[EXERCISE DESCRIPTION]
Look for the line with "grey black camo" in the data below, then reproduce word for word that line and every line after it. Leave out all pictures and add nothing.

*** PROVIDED DATA ***

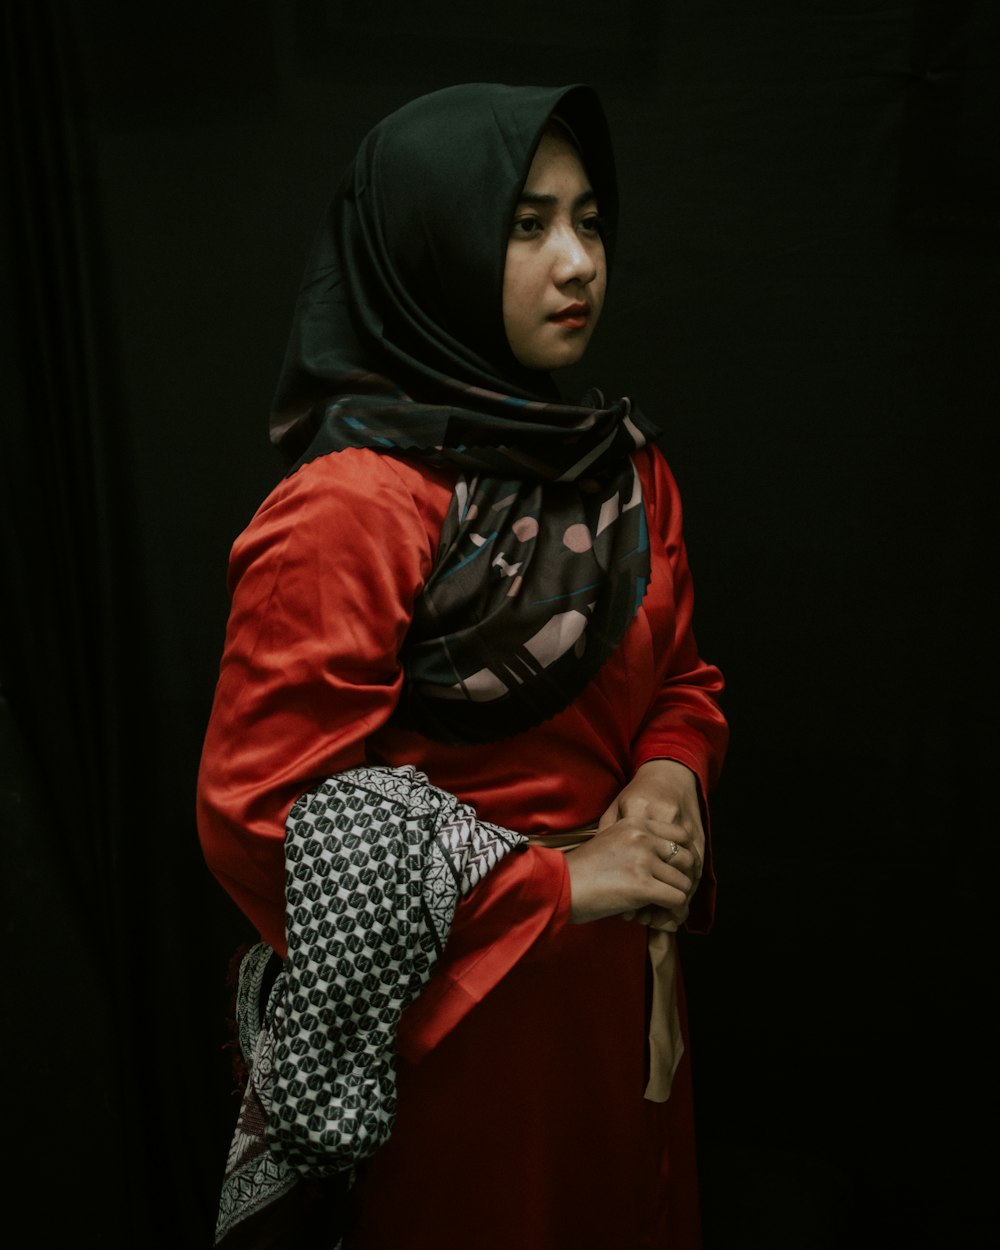 Una persona con una túnica roja
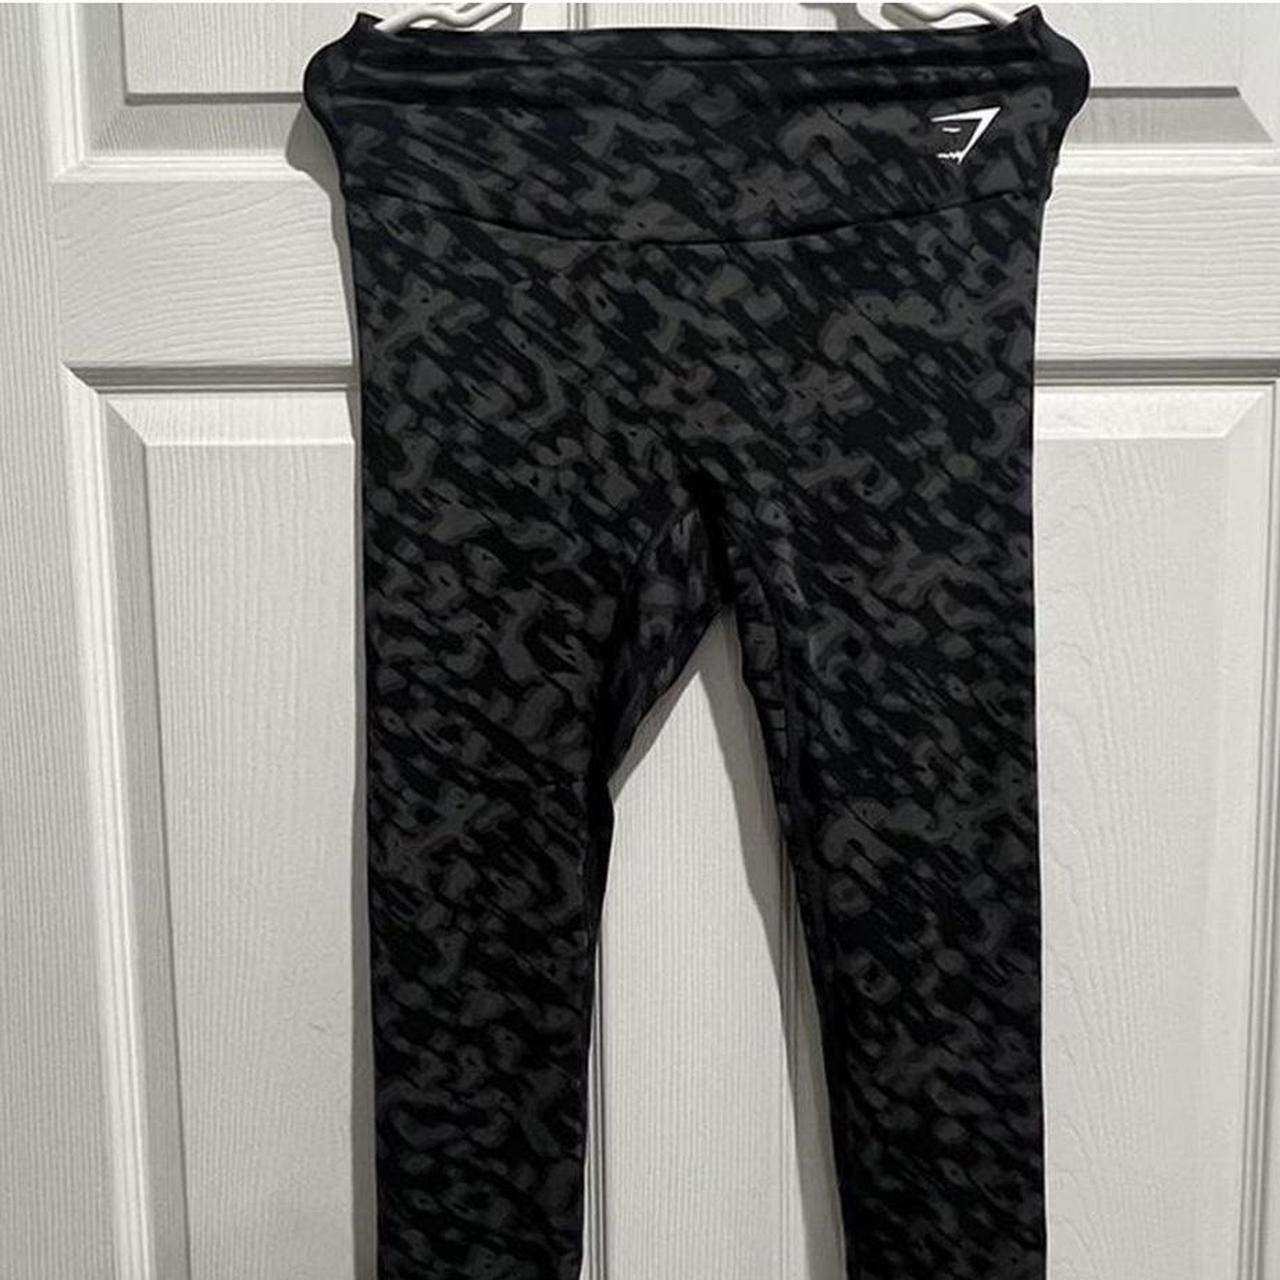 grey black camo gym shark leggings size L never worn - Depop
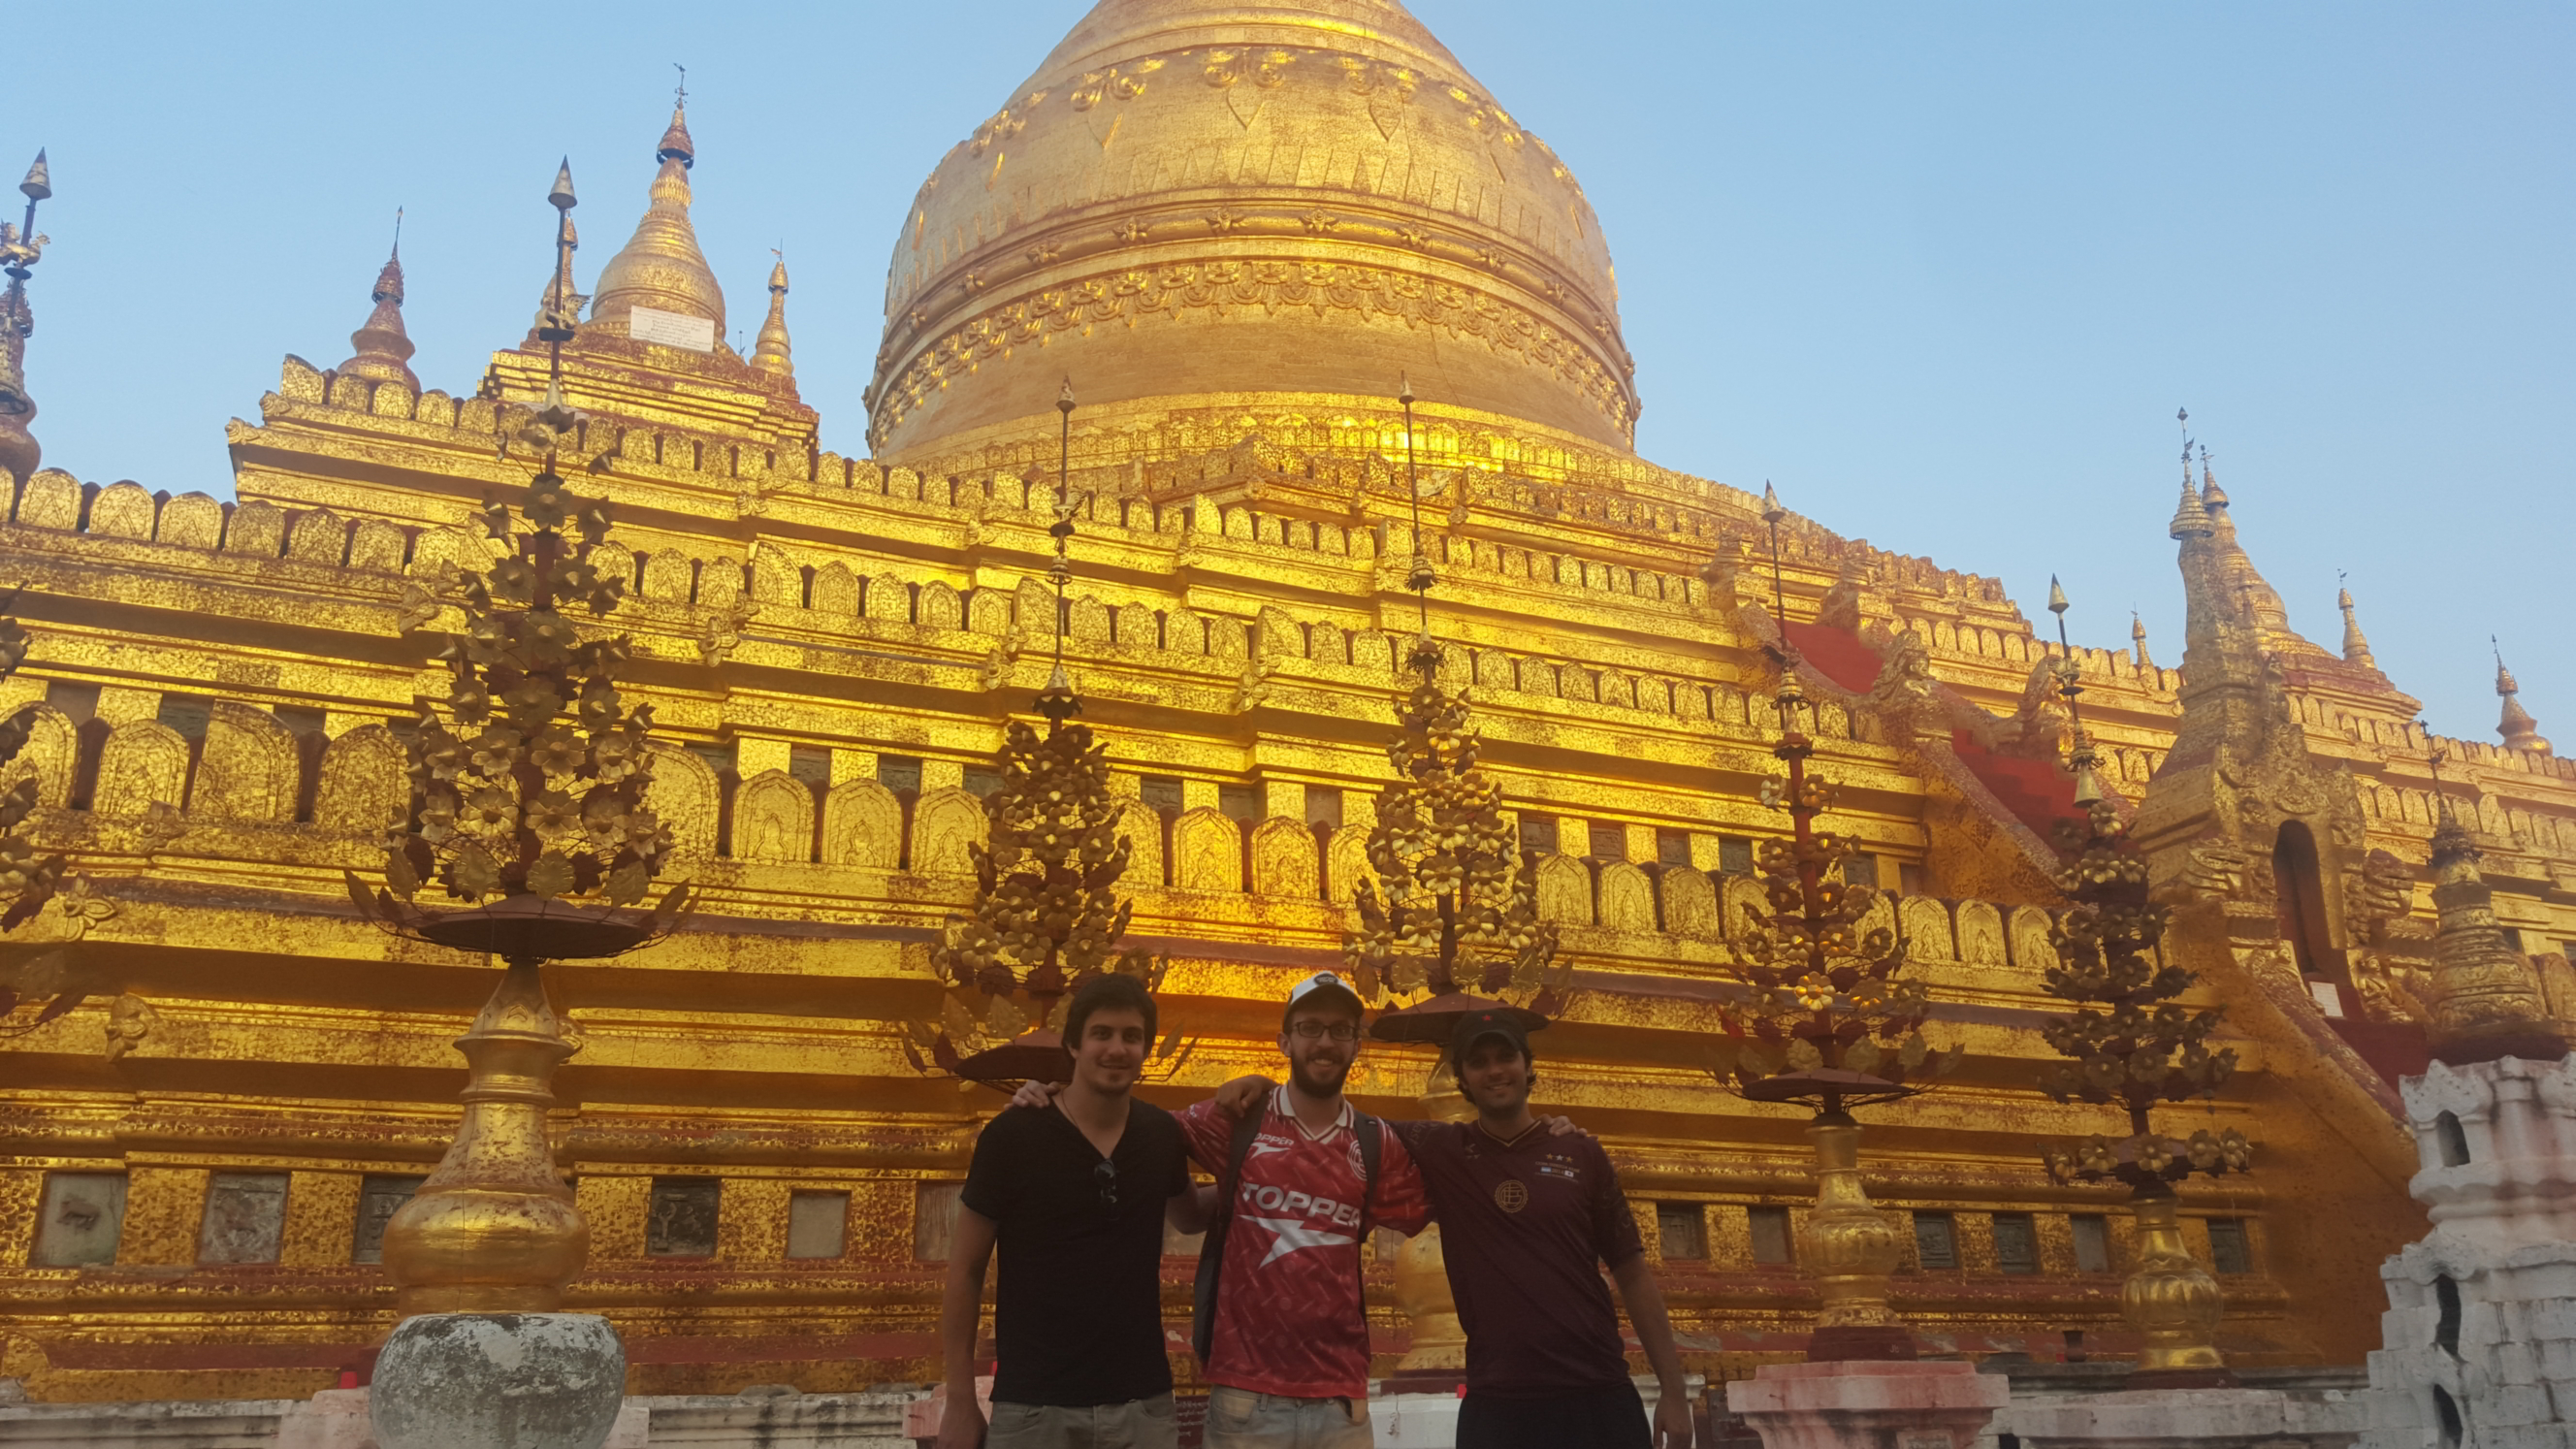 Shwe zi gone Pagoda

*** End of PROVIDED DATA ***

[TASK ANSWER]
 grey black camo gym shark leggings size L never worn - Depop
 Shwe zi gone Pagoda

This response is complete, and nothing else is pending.